There are a number of ways to skin this proverbial cat, but I think the most-enjoyable and easiest method is the "Big Fat Friend" procedure. If you've got an aftermarket camshaft, carb, exhaust, etc. you might be surprised how much timing you can actually put into the car, which will not only increase economy but overall performance. In my stock 340 I ran 12° BTDC without problem; my mildly-built 440 was at 15° and my Pontiac 400, slow-burning bastard that it was, was set at an astounding 24° BTDC (it was also nearly impossible to start while warm on an average summer's day). I can't remember exactly where it laneded on all my cars, but rarely has my base timing ever been below double digits. Not surprisingly, my 400 Poncho got the best economy of the bunch. Incidentally, the guy who bought that car from me backed the timing off to 18° BTDC base. It slowed the car down a whole bunch, but damn if it wouldn't start every single time. :icon_biggrin:
 

brotherGood

Well-Known Member
Joined
Mar 31, 2013
Messages
884
Reaction score
158
Location
Urbana OH
What if I am the "Big, Fat" part of that. (myself and I aren't friends, we don't see eye to eye.)
 

NoCar340

Well-Known Member
Joined
Dec 7, 2013
Messages
1,240
Reaction score
178
Location
Upper MI
Get a bigger, fatter friend and go read the thread I just started.
 

alf44

Well-Known Member
Joined
Dec 30, 2011
Messages
592
Reaction score
15
Location
southern MN
Wow, when I tried 235 75 15s on my 5th, they rubbed in front when turning...I'm running 215s now with no trouble. I found the largest tire I could run on an M was a 225 75 15.

i have those 235 s in the rear. 215-75-15 front
 

Mr C

Well-Known Member
Joined
Apr 22, 2014
Messages
403
Reaction score
137
my 89 2bbl 318 has been right arounnd 10-11mpg. haven't been able to nail down the cause. on a quick hijack, I ordered a rebuild kit for my TQ

I'm confused...you say its a 2bbl, but then mention a TQ...those are 4bbls. Is it a stock Lean Burn still?
 

NoCar340

Well-Known Member
Joined
Dec 7, 2013
Messages
1,240
Reaction score
178
Location
Upper MI
He bought a ThermoQuad and intake recently. I think he still has the ESA and is looking at options to remove it...
 

Monkeyed

Well-Known Member
Joined
Apr 3, 2014
Messages
701
Reaction score
76
Location
West MI
He bought a ThermoQuad and intake recently. I think he still has the ESA and is looking at options to remove it...
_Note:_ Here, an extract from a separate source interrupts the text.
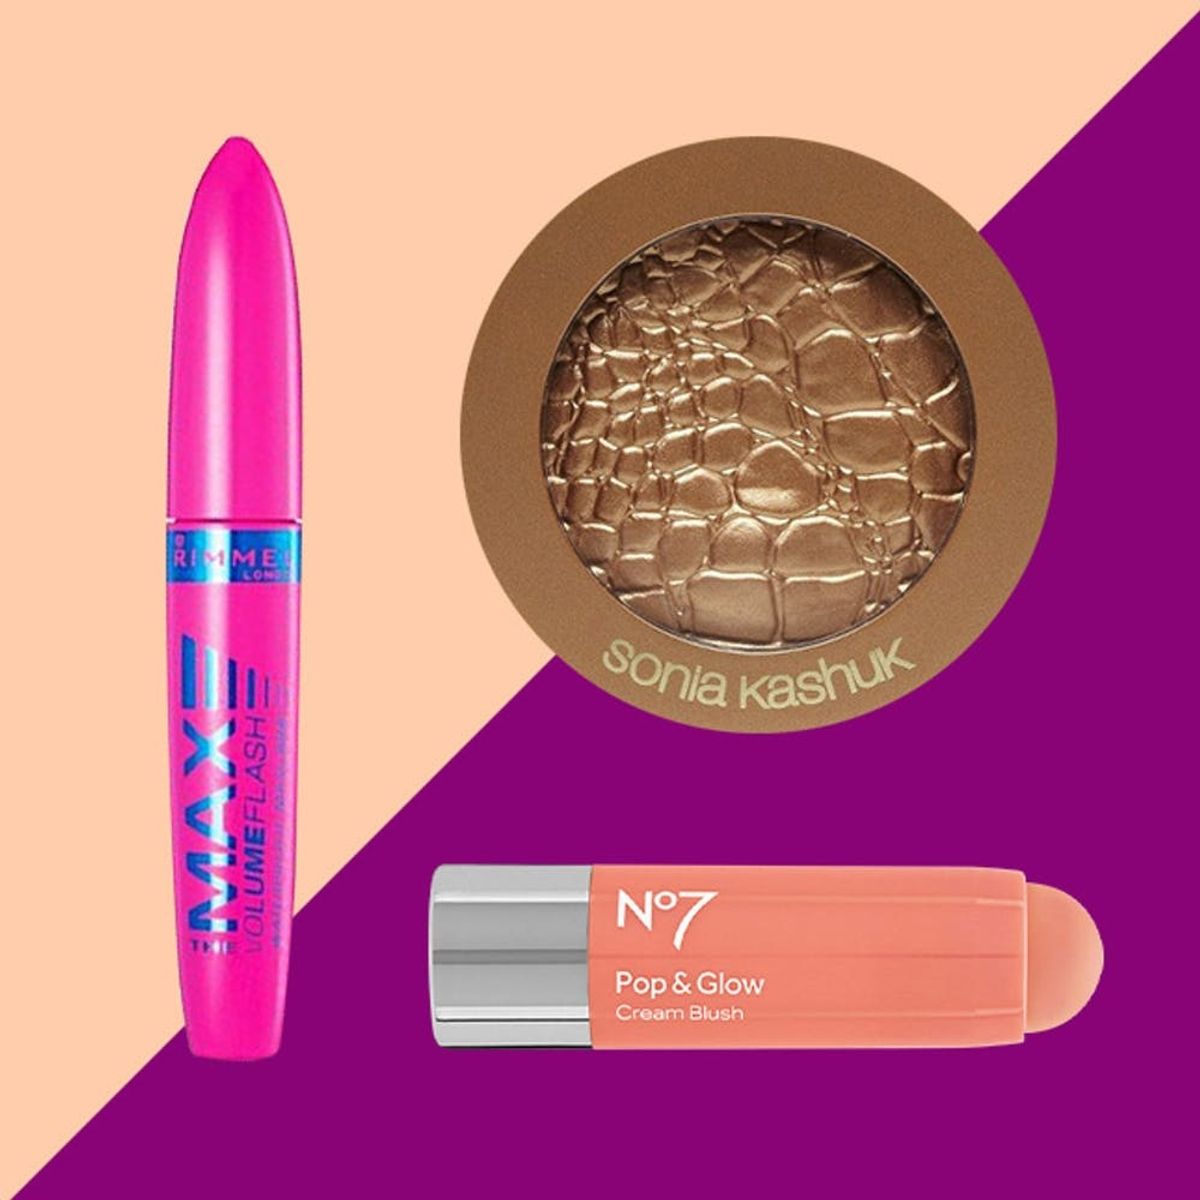 6 Makeup Essentials Under $15 to Get You Through the Weekend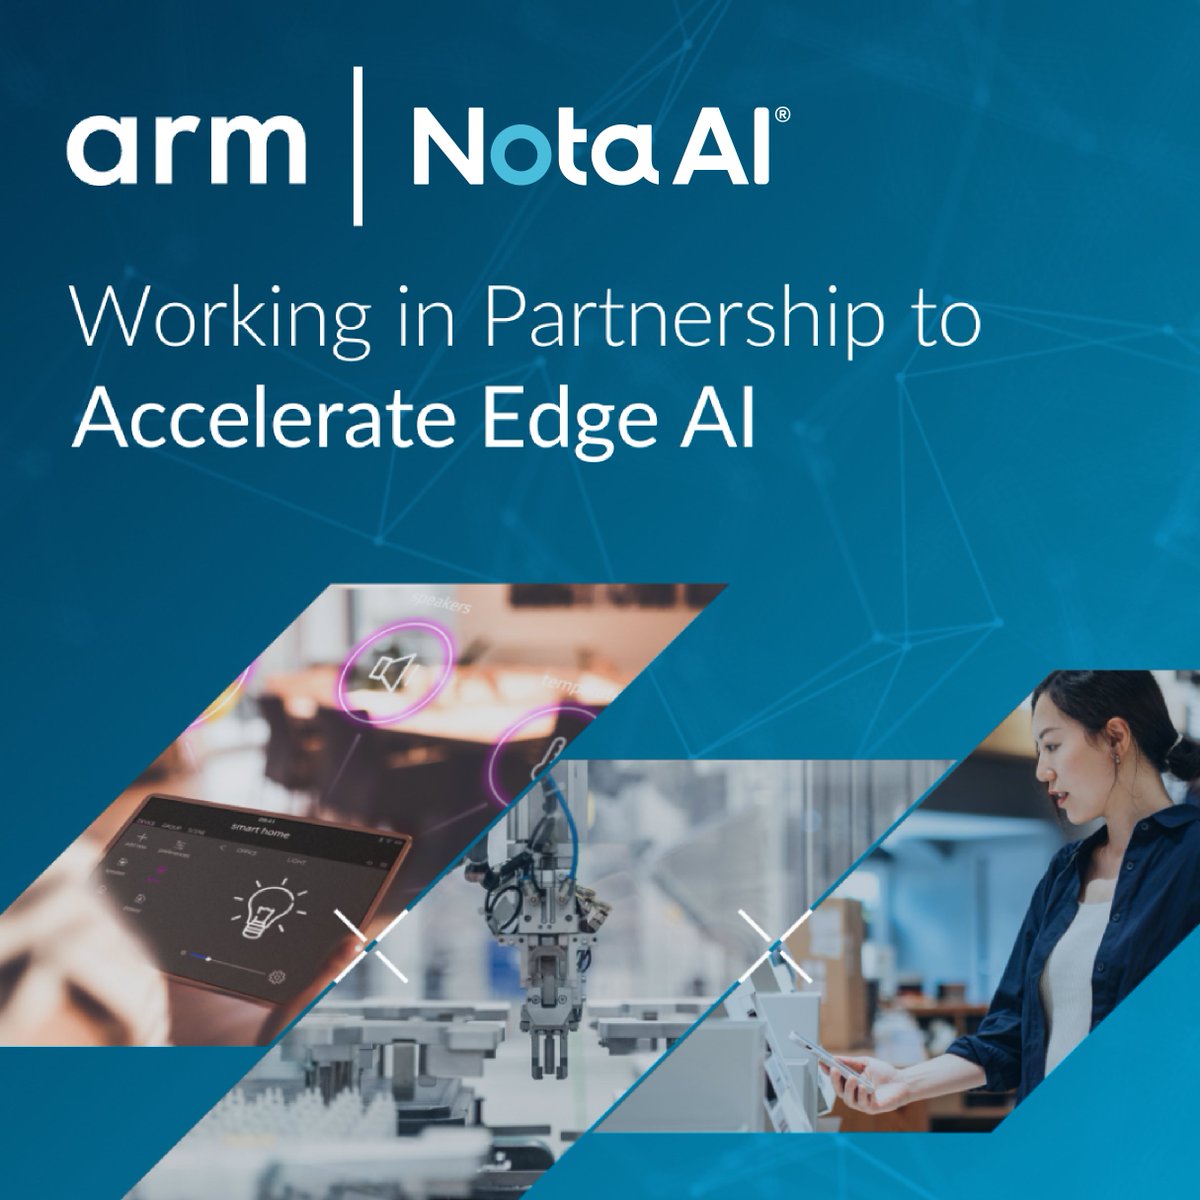 We're pleased to see #Arm's commitment to the future of edge AI with new technologies that provide the performance and efficiency uplift needed to drive transformative applications in the IoT: bit.ly/3VGGnAF #edgeai#IoT#armpartner

^This. Have you had a chance to look for an extra float bowl? I got my old floats out, but the needle seats only make about a half a turn then stick, I'm starting to think more and more seriously about just shipping the lot off to you, NoCar.

On a different note, put new calipers and pads on the front, (the left was rusted solid) and new shoes in the back, (the right adjusting cable broke, and the adjuster was rusted solid), and now the water pump looks to be weeping. :crybaby2: the belts need to be replaced, so at least I hadn't just done that.